My Gartner colleagues Farhan Choudhary Jeremy D’Hoinne and I just launched coverage of the AI Trust Risk & Security Management (TriSM) market. AI TriSM comprises multiple software segments that ensure AI model; governance, trustworthiness, fairness, reliability, efficacy, security and data protection. See Market Guide for AI Trust, Risk & Security Management
As users start operationalizing their AI models, their attention quickly turns to managing model risk and ensuring their AI can be trusted to perform as designed. In fact, our last Gartner enterprise AI survey found that ‘security or privacy concerns’ are the number 1 barrier to AI model implementation so it’s no wonder that’s where user attention turns once models are put into production. See Survey Analysis: Moving AI Projects From Prototype to Production
Today the AI TriSM market is fragmented, and users must select solutions from multiple categories to manage many inherent risks and issues.
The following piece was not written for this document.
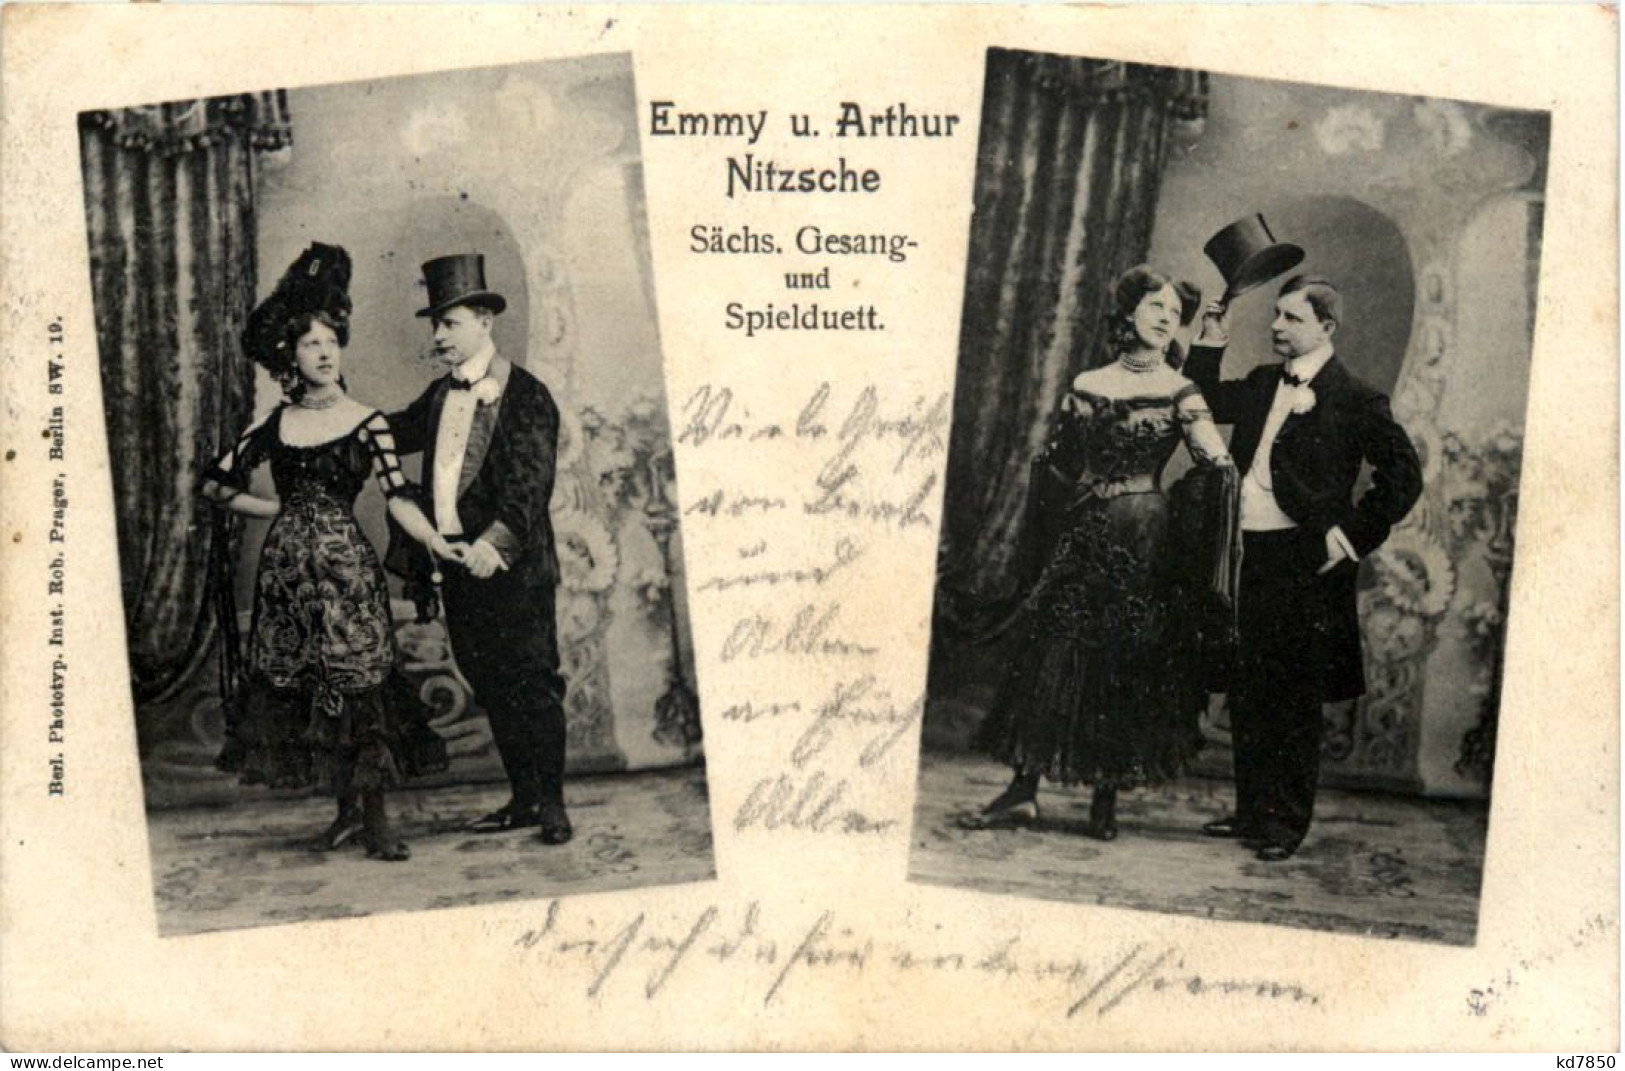 Emmy Und Arthur Nitzsche Gesang Und Spielduett - Zirkus

Most AI vendors and platforms do not provide all required functionality but over time we believe they will acquire these capabilities from existing niche vendors as noted in Figure 1 below.
Third Party AI Models
Further, today users are mainly concerned about managing risks of their own homegrown models and have yet to incorporate TriSM around third party models that use AI, such as advanced cybersecurity products for endpoint and network protection. We believe these third party models will increasingly be managed by end-user organizations so that users understand the AI functions they have bought into, and can ensure models operate as expected.
Build TRiSM in – not as an Afterthought
Security and risk concerns are almost always an afterthought in any system development and deployment. When it comes to AI, this is an especially poor design choice since there are so many moving parts and so many of them are opaque to most users.
There’s no need to rely on a black box running critical functions for your enterprise. There are in fact many solutions that bring transparency and trust, keep the bad guys out, prevent benign mistakes, protect sensitive data, and keep AI models functioning as intended. These solutions just need to be used.
The good news is that the same solutions that manage risk and security also help optimize AI model performance. Hopefully that will get users to deploy AI TRiSM, and once they do, the inherent risks will be readily apparent.
After all, if you aren’t looking, you won’t see. But frankly, this is the kind of elephant in the room that you are much better off staring down.